Боже мой! Оказывается, я проборматывал все это, сидя на ограде метеоплощадки. Ксения, к счастью, только последнюю фразу услышала. Делая последние заметки в журнале, она подошла ко мне, участливо взглянула в глаза.

– Я своим раз в полгода пишу и стараюсь не думать о них часто. Как подумаешь, что может случиться, хотя они у меня еще не старые, но все равно, как подумаешь, хоть вой. Потому я вас очень хорошо понимаю. Это ужасно – потерять родителей. Пусть далеко, но где-то… И вдруг нигде! Страшно! Вот ведь и муж у меня, семья в общем, а без них все равно стану сиротой… Вы очень любили ее, да?

Участливость ее достигала опасного предела, я увидел это по руке, робко протянувшейся ко мне. Отшатнулся, но только мысленно, и потому рука ее достала мой локоть, коснулась, и я почувствовал, что ранен, что поврежден, что мне срочно нужна помощь рассудка и воли, и она пришла, эта помощь из резерва, именуемого цинизмом.

– Жалость – это подаяние. Благодарю за копеечку!

Но провалиться мне, если я не переиграл. Не дрогнула ни рукой, ни глазом. Рука ее с локтя моего сползла к кисти, а кисть предательски вывернулась ладонью, и ладони наши вспыхнули. Она лишь опустила глаза и тихо высвободилась. Отвернулась.

– Мне кажется, что я все про вас знаю. Нет?

– Нет. Но про меня и не нужно ничего знать. Со мной все в порядке… Мне у вас нравится…

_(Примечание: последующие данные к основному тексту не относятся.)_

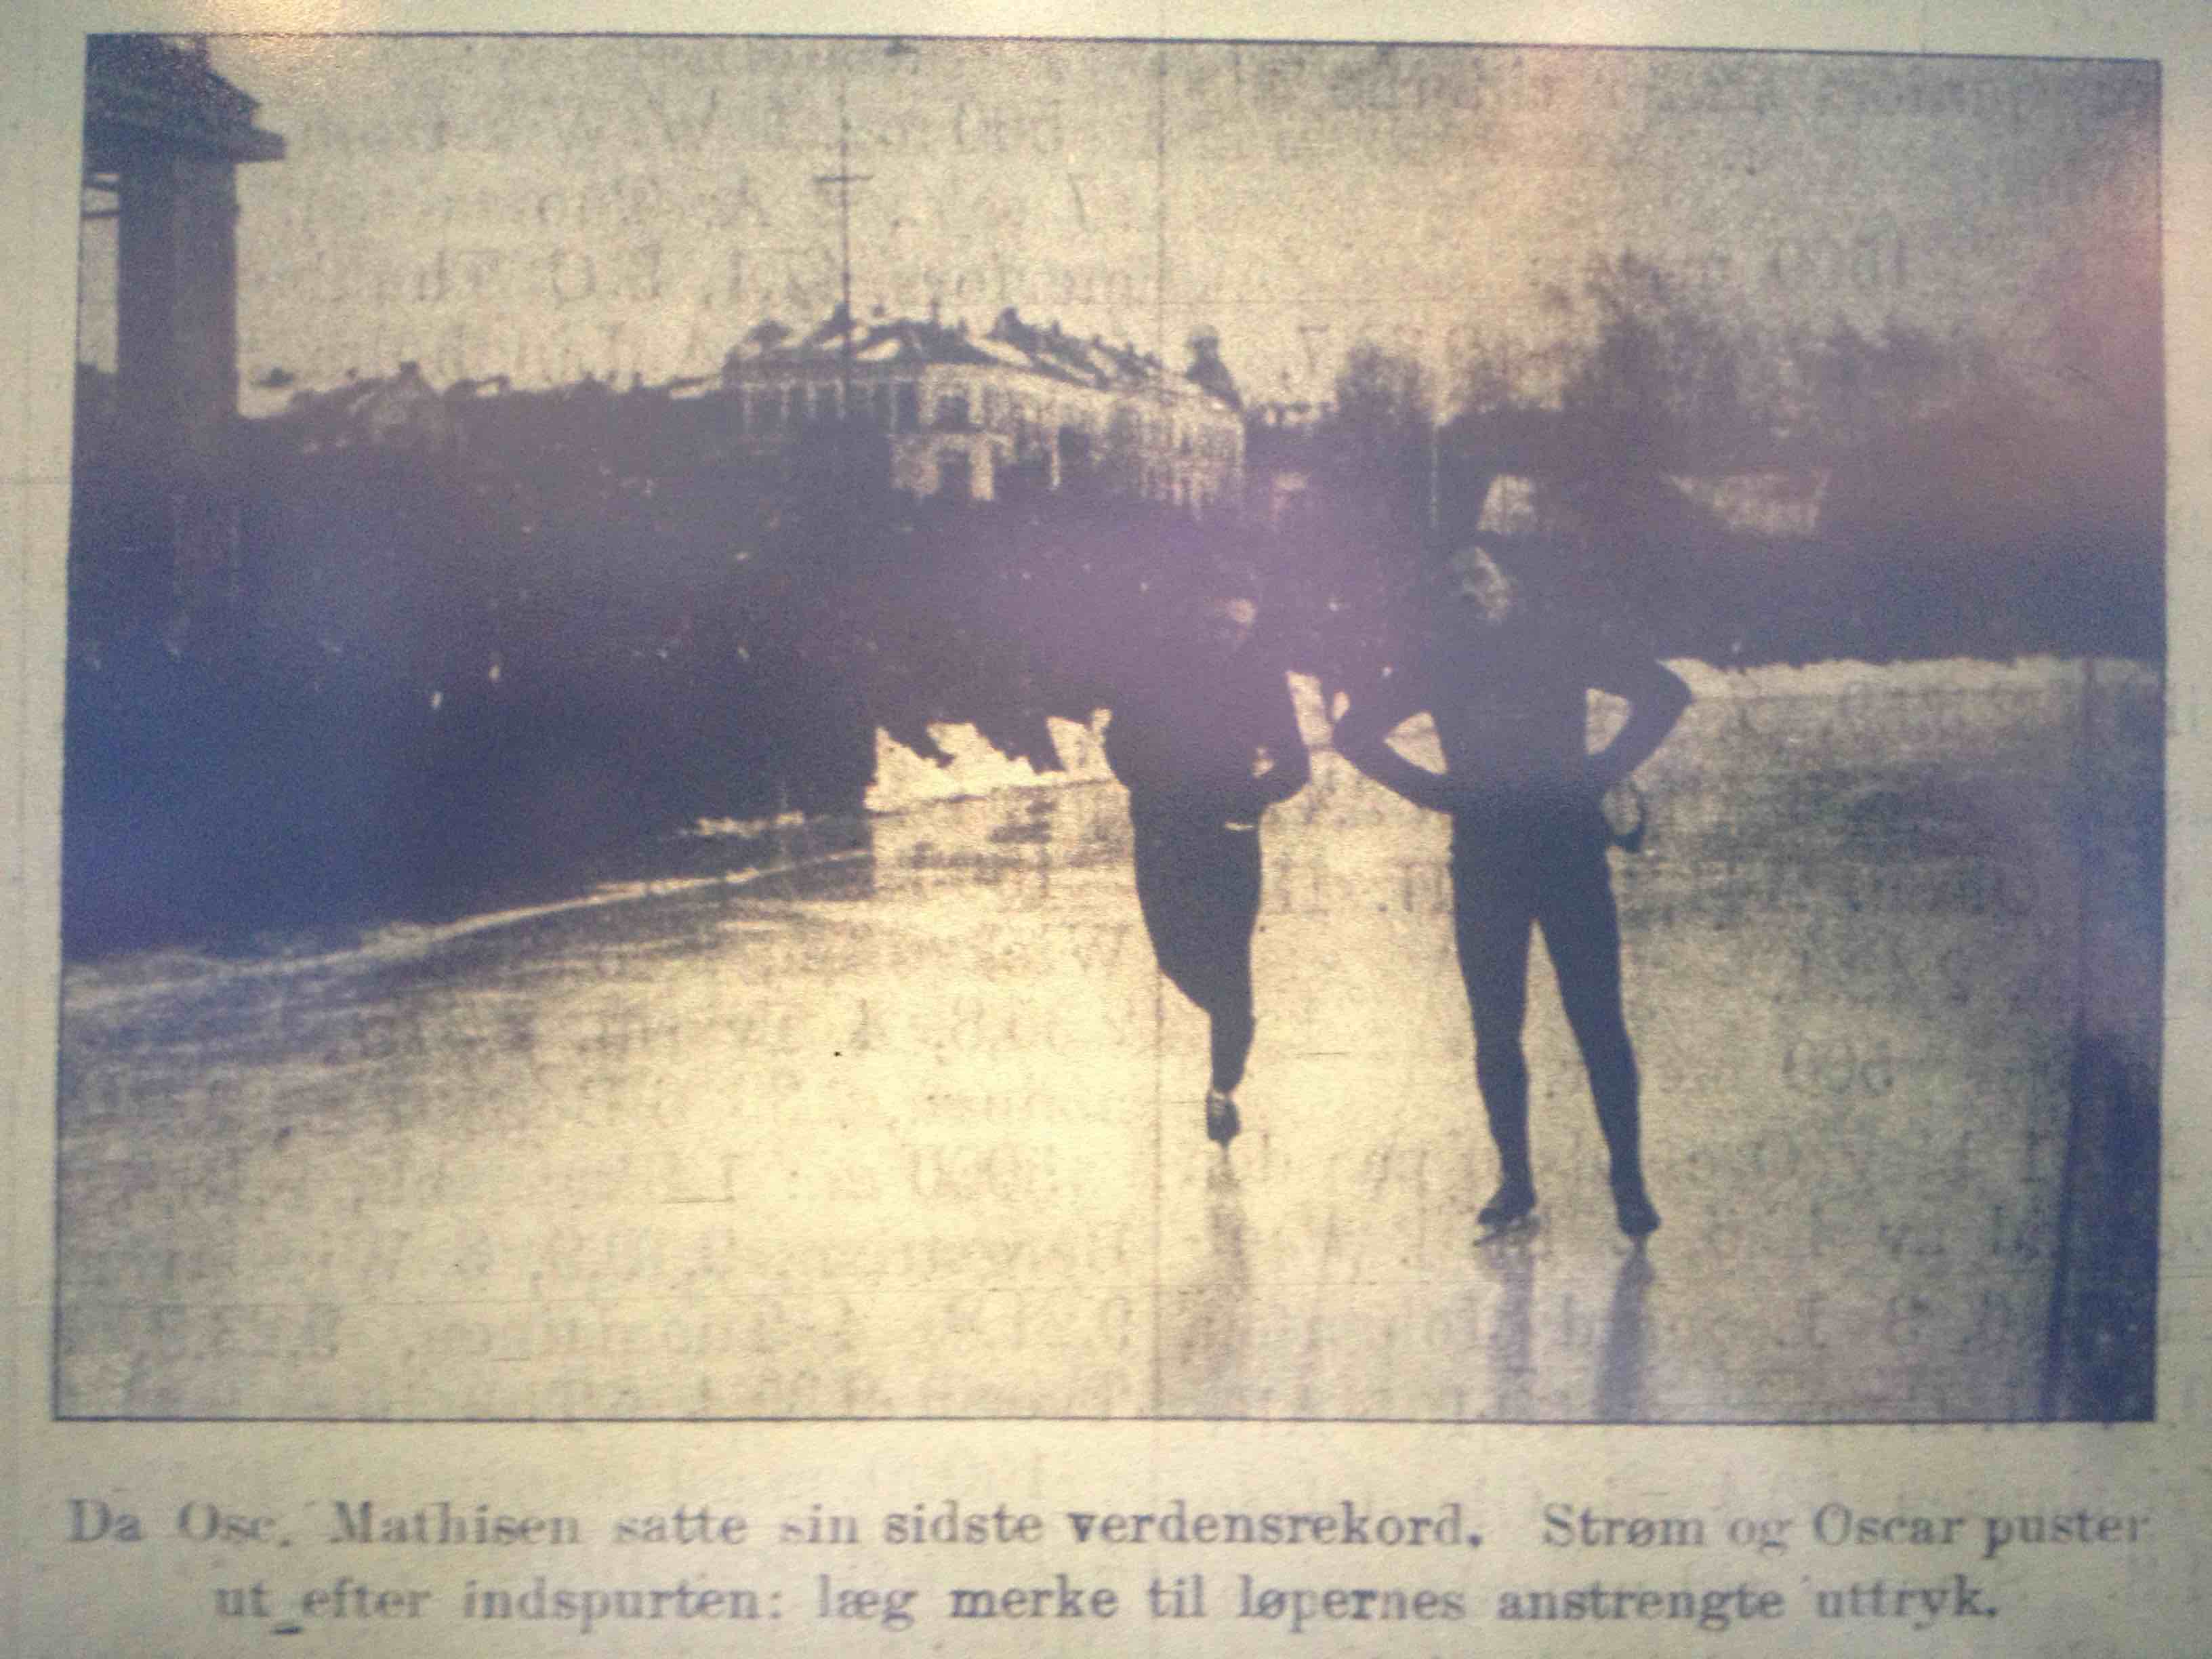 Oscar Mathisen and Kristian Strøm after their 5000m race, from Norsk Idrætsblad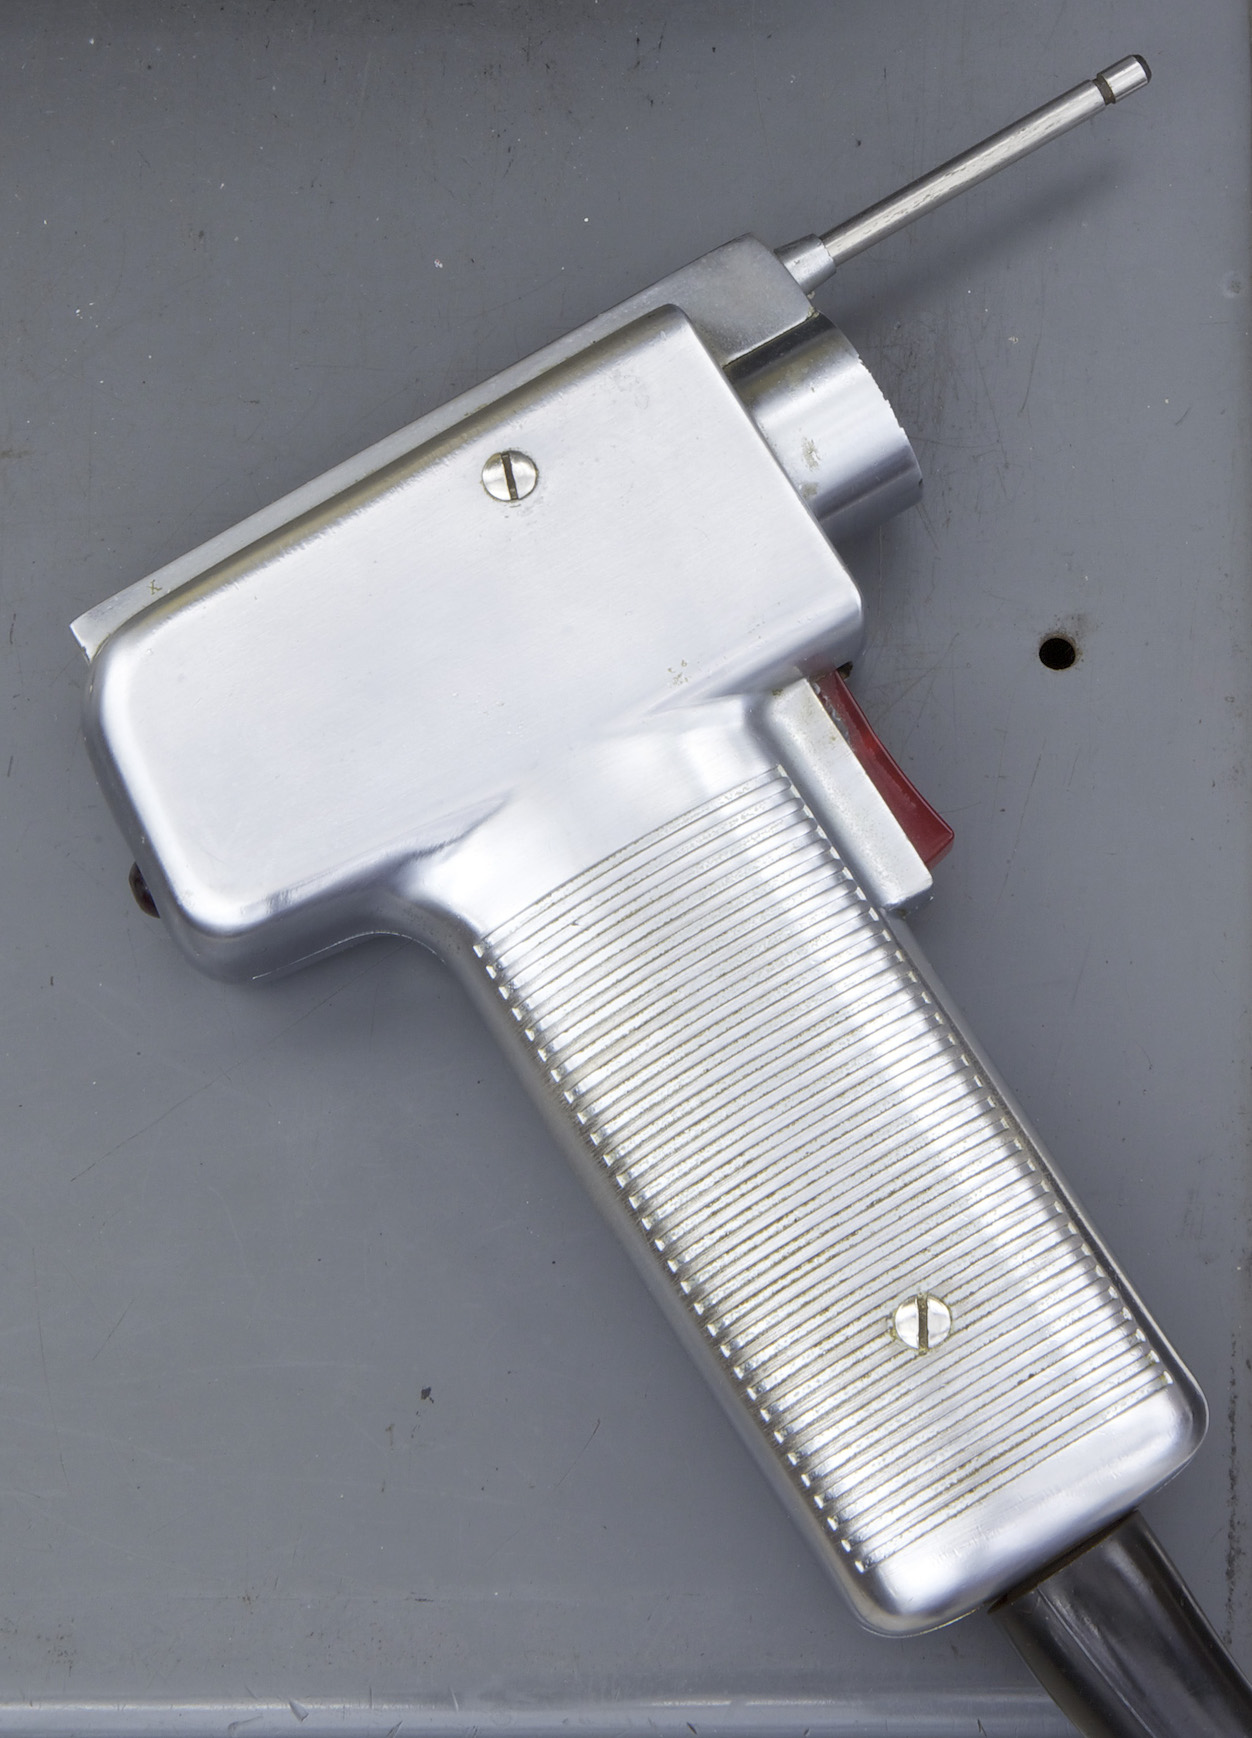 Lightgun – Bild mit freundlicher Genehmigung des Computer History Museums

Нужно было срочно отступать. Причем, не показывая спины. Захотелось взять в спокойные ладони ее слегка порозовевшее личико, поцеловать в лоб и сказать с достоинством старца: «Иди и живи с миром, красивая! Не искушай айсберг теплом семейного камина. Жалобно прошипишь и погаснешь!» Но когда первые капли дождя упали на мое лицо, то, ей-Богу, зашипели… Ксения, сунув журнал регистрации под кофту, крикнула озорно: «Бежим!» И мы побежали к дому. К моему, понятно, он был ближе. Что-то подобное я точно видел в кино, только там это было естественней, потому что по сценарному замыслу исполнялся настоящий ливень. Здесь же были налицо лишь первые совсем некрупные капли дождя, и не было нужды бежать, да еще так быстро… Уверен, что она тоже видела этот фильм… Вторая часть сценария не состоялась вовсе, поскольку, когда, запыхавшись, вскочили на ступеньки моего крыльца, были совершенно сухими, дождевая вода не сбегала по нашим лицам, не нужно было отжимать подол платья, тем более, что она была в брюках, а рубашка, если и прилипала к моему телу, так только от пота. Чуть было не затянулось противоестественное наше стояние друг против друга, но находчивость – разве не моя черта!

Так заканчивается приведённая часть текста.